Without this accuracy and verification, some researchers obfuscate data broker information with prattle that mirrors marketing language. For example, one paper described SafeGraph data as “anonymized human mobility data,” and another called them “foot traffic data from opt-in smartphone GPS tracking.” A third described data broker Spectus as providing “anonymous, privacy-compliant location data” with an “ironclad privacy framework.” None of this is close to the whole truth.

One Nature paper even paradoxically characterized Veraset’s location data as being both “fine-grained” and “anonymized.” Its specific data points included “anonymized device IDs” and “the timestamps, and precise geographical coordinates of dwelling points” where a device spent more than five minutes. Such fine-grained data cannot be anonymous.

Academic data sharing programs will remain disingenuous public relations ploys until companies obey data privacy and transparency requirements. The sensitive location data that brokers provide should only be collected and used with specific, informed consent, and subjects must have the right to withdraw that consent at any time.

We need comprehensive federal consumer data privacy legislation to enforce these standards—far more comprehensive than what Congress has put on the table to date. Such a bill must not preempt even stricter state laws; it should serve as a floor instead of a ceiling. And it must include a private right of action so that ordinary people can sue data brokers who violate their privacy rights, as well as strong minimization provisions that will prohibit companies from processing a person’s data except as strictly necessary to provide them the service they asked for. The bill also must prohibit companies from processing a person’s data except with their informed, voluntary, specific, opt-in consent — not the opt-out scenario that often exists now — and must prohibit pay-for-privacy schemes in which companies charge more from or provide lower quality to those who refuse to waive their privacy rights.

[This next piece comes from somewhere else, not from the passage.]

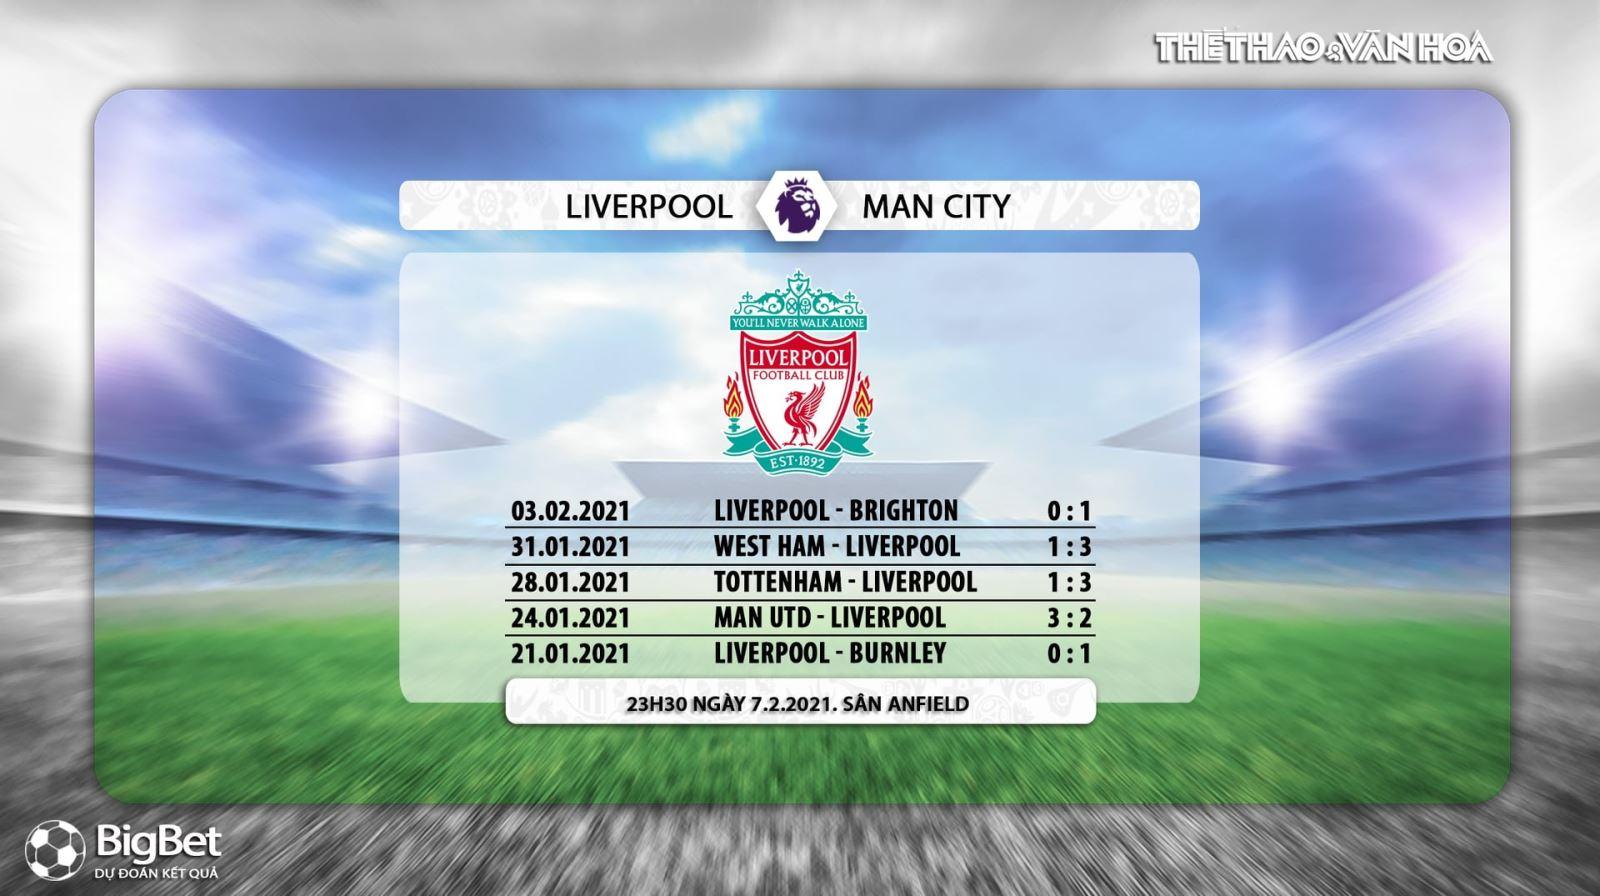 Keo nha cai,kèo nhà cái, Liverpool vs Man City, trực tiếp Ngoại hạng Anh, Trực tiếp K+PM, Trực tiếp bóng đá, Trực tiếp Liverpool đấu với Man City, Kèo bóng đá Liverpool

And we must strip away the NDAs to allow research into the data brokers themselves: their business practices, their partners, the ways their data can be abused, and the steps that can be taken to protect the people they put in harm’s way.

Data brokers claim they are bringing transparency to tech or “democratizing access to data.” But their scientific data sharing programs are nothing more than attempts to control the narrative around their unpopular and nonconsensual business practices. Critical academic research must not become reliant on profit-driven data pipelines that endanger the safety, privacy and economic opportunities of millions of people without their meaningful consent.

This is an opinion and analysis article, and the views expressed by the author or authors are not necessarily those of Scientific American.